My shirttail uncle Gordie Racicot played a blond upright 1956 Kay bass in that classic country band and I was thrilled that a relative of mine could play the devil’s dance tunes on Saturday night as well the fine relatives playing the lord’s repertoire on Sundays mornings. My cousins had deep roots in the holy roller world with my Uncle Bud and Aunt Evelyn being the local circuit-riding preachers. They would haul me out to the small towns and reservations that were part of their weekly circuit. Accordion, banjo, guitar and piano were staples in that family and there are tapes of broadcasts and vinyl albums still telling their story.
My cousin Garry gave me my first guitar and my first introduction to the key of C and the devil’s own F chord. That old, high action Kay was unplayable but I did manage to work out three basic chords and even today I am not good for many more.
Garry and I had a best friend …
Howard was another shirttail relative but he was beautifully different. Howard was crippled, a word that I used then with respect not derision. He had a hump on his back legs that didn’t work and a laugh that wouldn’t quit. No wheelchairs for him…too slow.

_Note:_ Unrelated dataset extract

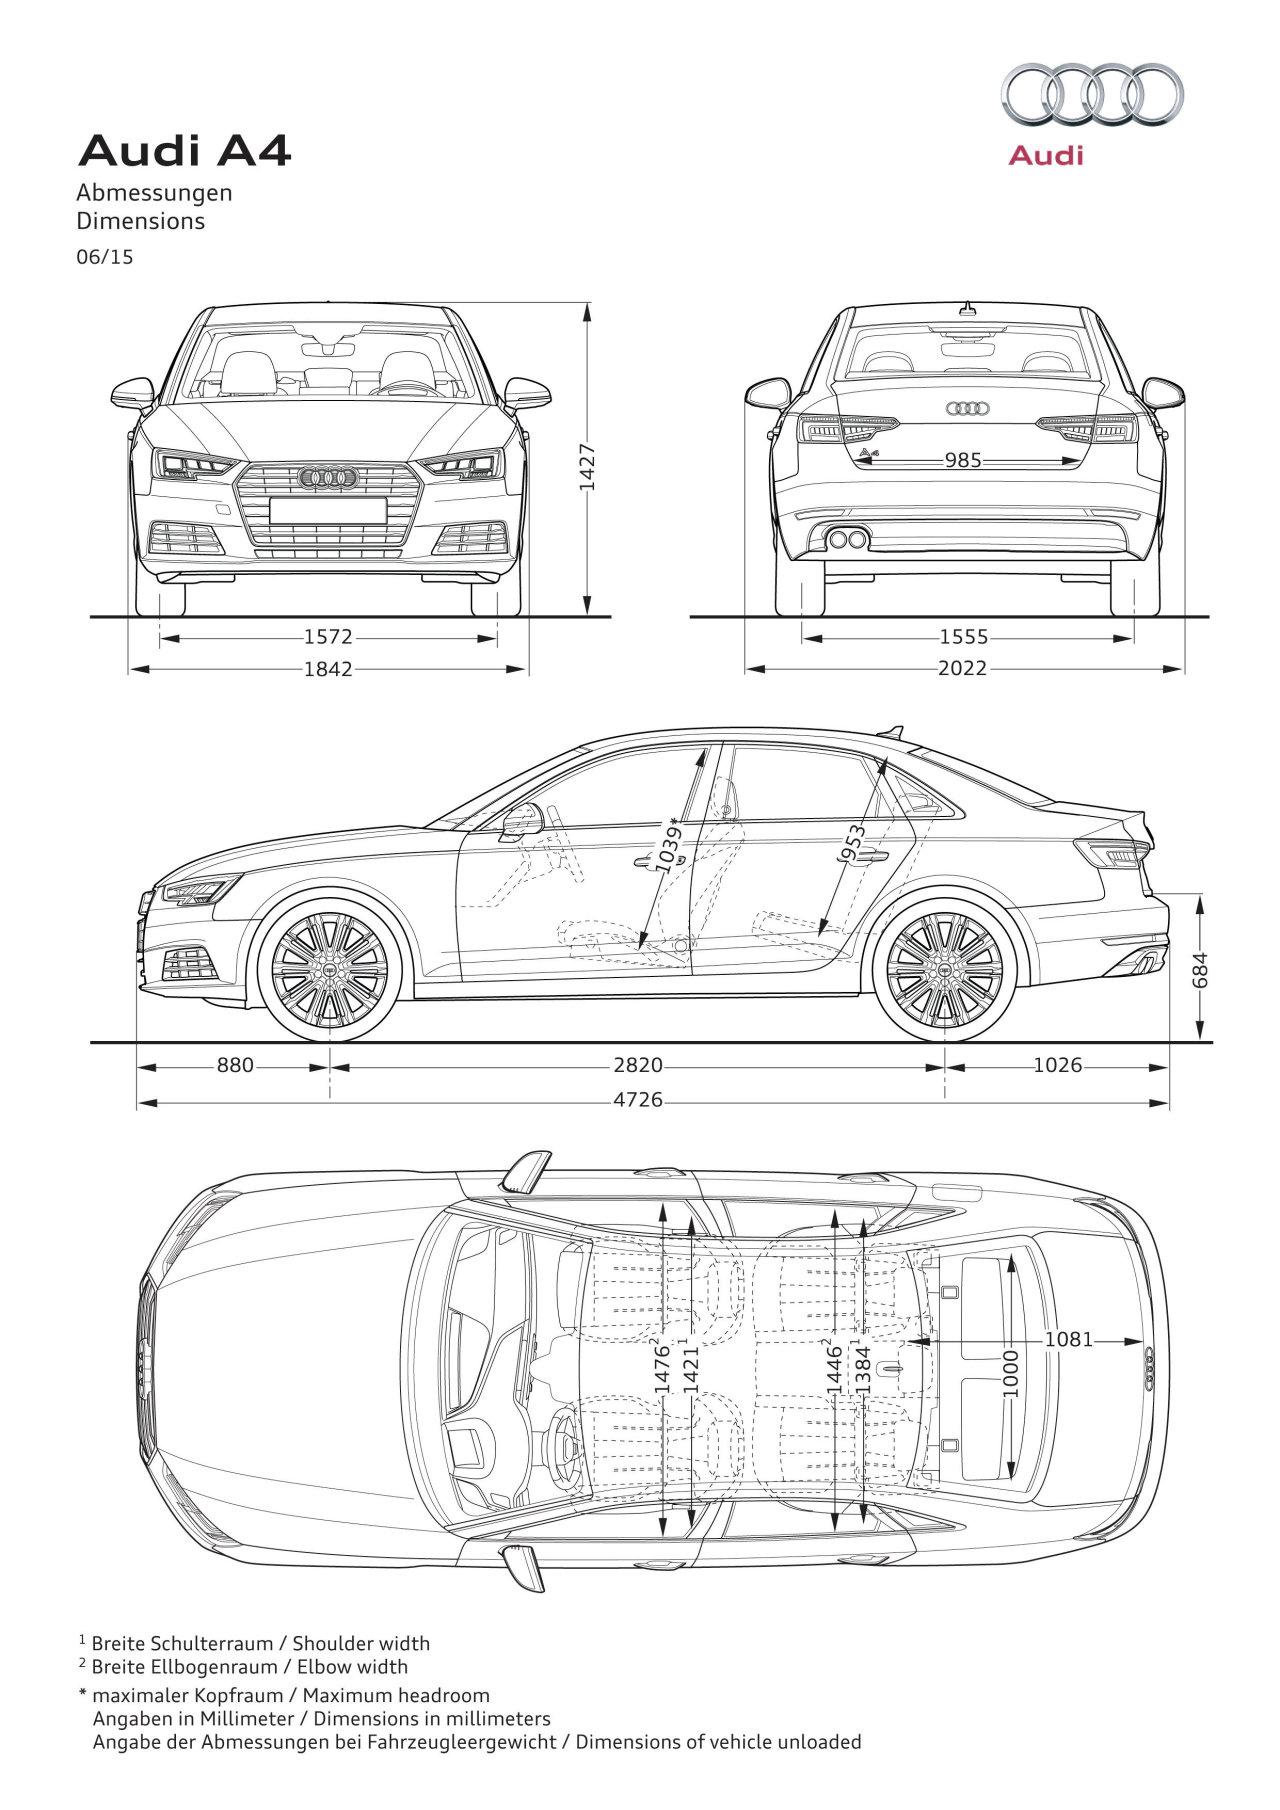 Nouvelles Audi A4 Berline Et Break L Eloge De La

He used crutches and then went ahead and converted all the farm equipment to hand controls do he could work a fourteen hour day driving tractor or combine just like his dad. Garry and I lived for the days we could spend with Howard on the farm. The best part was the music. Later in the day, Howard would get out his guitar and the three of us would sit on the porch, pickin’ and grinnin’ our way through Marty Robbins ballads or Old Shep. He insisted that country and western was ok but if necessary he would prefer just sticking with the western, thank you very much. He made a point of teaching me that what made a good song was not just the notes, tempo or pitch but the essence of a good song was in the story it told.
The girls …
I may be overstating this but it felt like all the girls could sing and play. Adele could play piano like Jerry Lee. We would all head over to her place after school to listen to her belt out Elvis tunes. She told me in confidence one day that she couldn’t read a note…”how do you know what keys to hit?’ I asked. “I see colors, she explains and I play the right color.”
The Sloan girls sang like meadowlarks and I was sweet on one…I was sweet on the piano player in church, sweet on sisters Ruby and Jeannette who played a gorgeous black Gibson guitar.
There were sisters, cousins (shirt tail and kissin’) who sang solos, played in duets and trios and generally maintained a sweetness that lasted years.
I was blessed to know all these musicians as a young man and I know they were a formative force in the love and respect I have for musicians and live music today.
My mom at this writing is 91, on a dementia ward. She has lost her mind but when she still sits at that old upright on the ward she still nails it and the dementia in the room goes away and the folks all close their eyes and dig it.
Menno is in rough shape as well. His voice still moves the air in the room … I should have gone and stood by him.
Uncle Gordie is gone. He was thrilled when he found out I had taken up the doghouse bass. We were both devastated when we realized he had sold the bass. He tried to get it back for me but no chance.
Howard died many years ago, but his sister found his old 1956 Harmony Newport guitar and sent it over to me. One of the first songs I wrote ten years ago was “Howard’s Guitar.”
Some of the girls are gone but I hope they are still singing wherever they are, because, as Tom Philips recently wrote, “they must have had a bird in their throat.”